In a word, yes. Although any woman who is pregnant or planning to become pregnant in the near future should not take anything — even an aspirin — without first discussing it with her doctor, many nonprescription medications pose no known risks to mother or fetus. “Pregnancy is a time to be cautious, but avoiding everything is not appropriate,” says Lynn Martinez, program manager for the Pregnancy RiskLine in Salt Lake City, a referral organization for the Teratology Information Services hot line. “Though the benefit of using a medicine during pregnancy sometimes far outweighs any potential risk, some women are fearful of taking anything, even when it’s on doctor’s orders.”

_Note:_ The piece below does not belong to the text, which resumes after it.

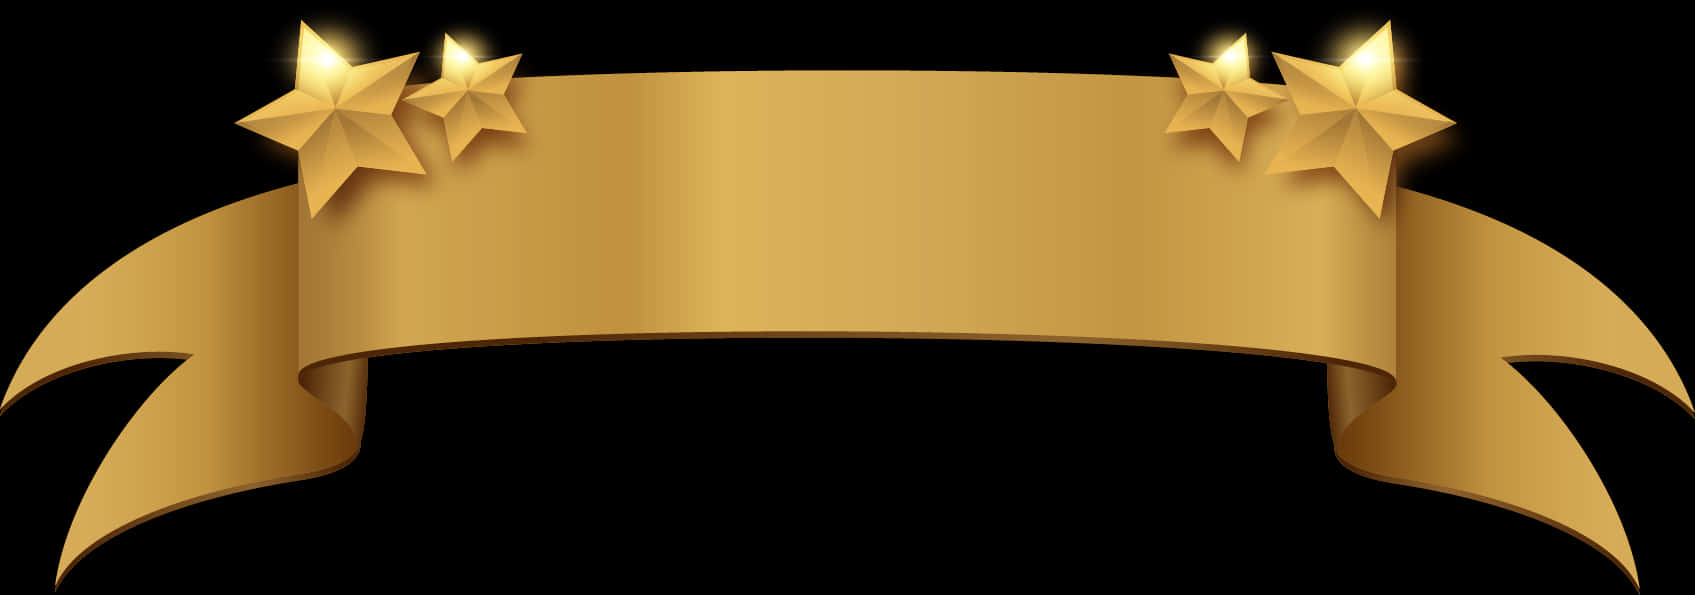 Golden Bannerwith Stars PNG image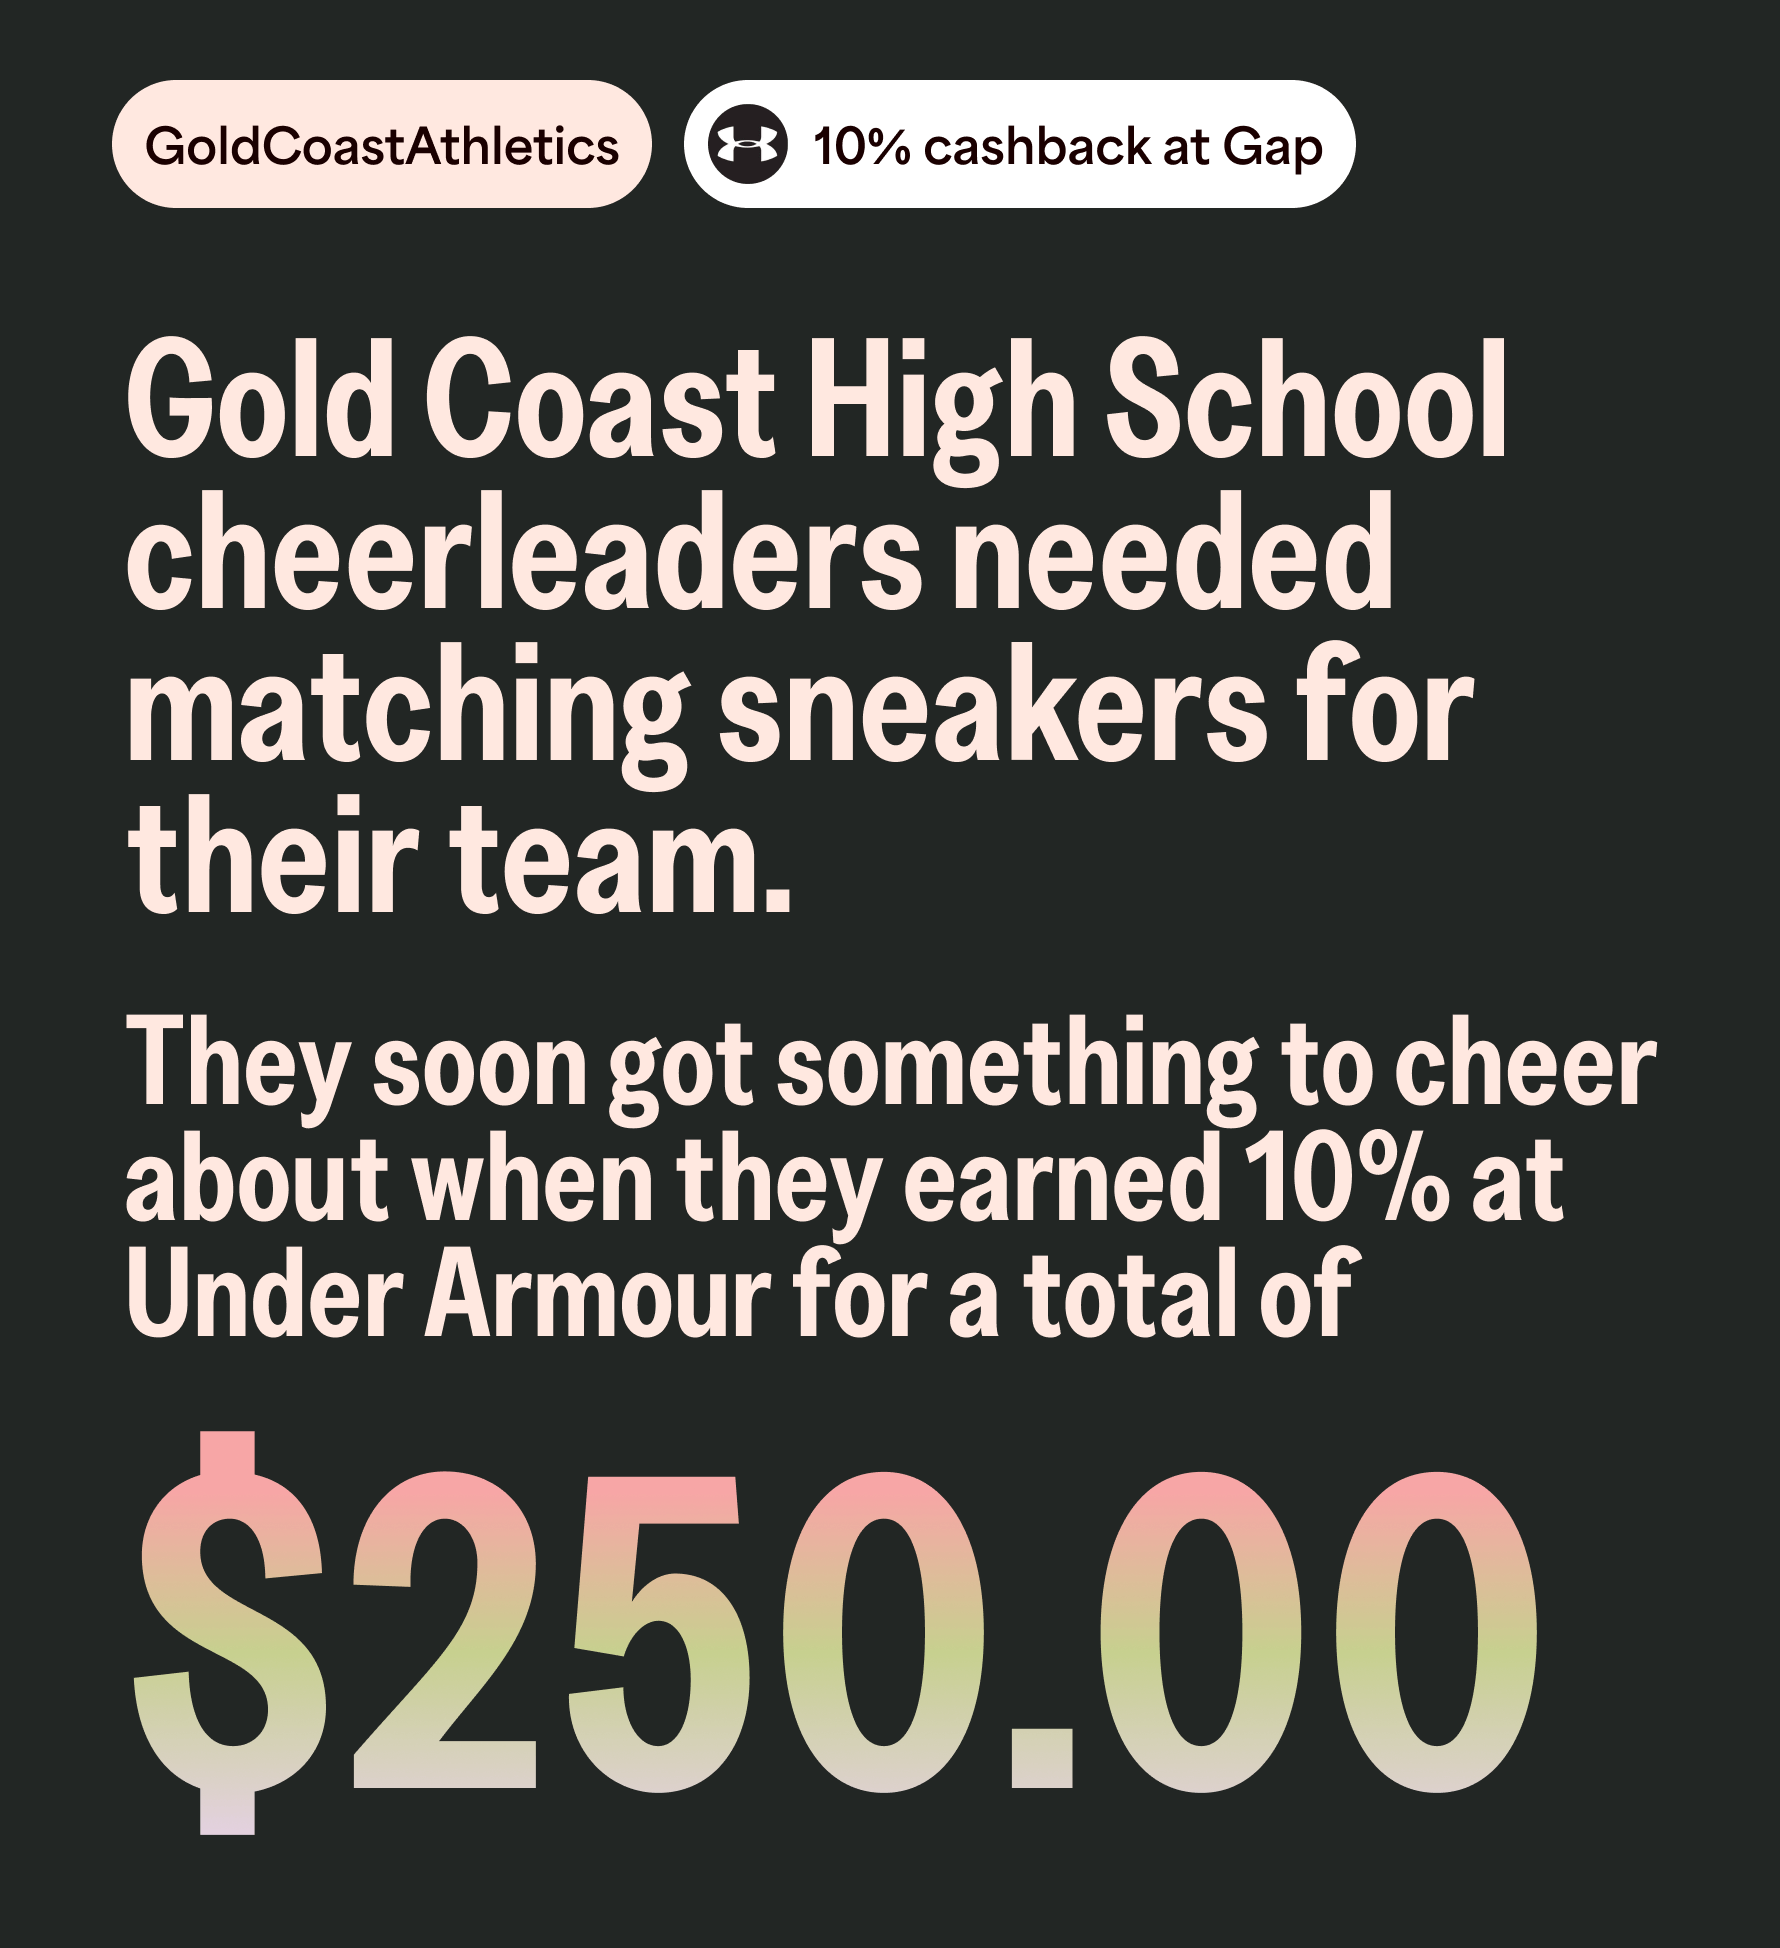 GoldCoastAthletics 10% cashback at Gap. Gold Coast High School cheerleaders needed matching sneakers for their team. They soon got something to cheer about when they earned 10% at Under Armour for a total of $250.00

But just because a medication is available without a prescription does not mean it is safe to take during pregnancy. (In fact, because of the potential risks, few drugs have been tested on pregnant women.) Experts say that where any drug is concerned, it is best to proceed with caution. “The basic rule is, if you don’t need to take a medication — prescription or over-the-counter — don’t take it,” says Karen Filkins, M.D., director of reproductive genetics in the Department of Obstetrics and Gynecology at the University of California, Los Angeles, Medical School. Still, we do know enough about the use of some remedies during pregnancy to give them a green light.
Pain relievers No serious risks from the moderate use of acetaminophen (Tylenol) have been found. But experts often warn against using aspirin, ibuprofen (Advil) and non-steroidal anti-inflammatories containing naproxen (Naprosyn).
Cold medicines Oral decongestants called pseudoephedrines (Sudafed) have been used safely during pregnancy to relieve sniffles and sneezing. Nasal sprays are usually not recommended, as their effects on fetal development have not been as well studied.
Antacids The antacid of choice, according to Martinez, is one containing calcium carbonate (Tums). If you want to use a different product, select one without sodium, since salt can cause fluid retention.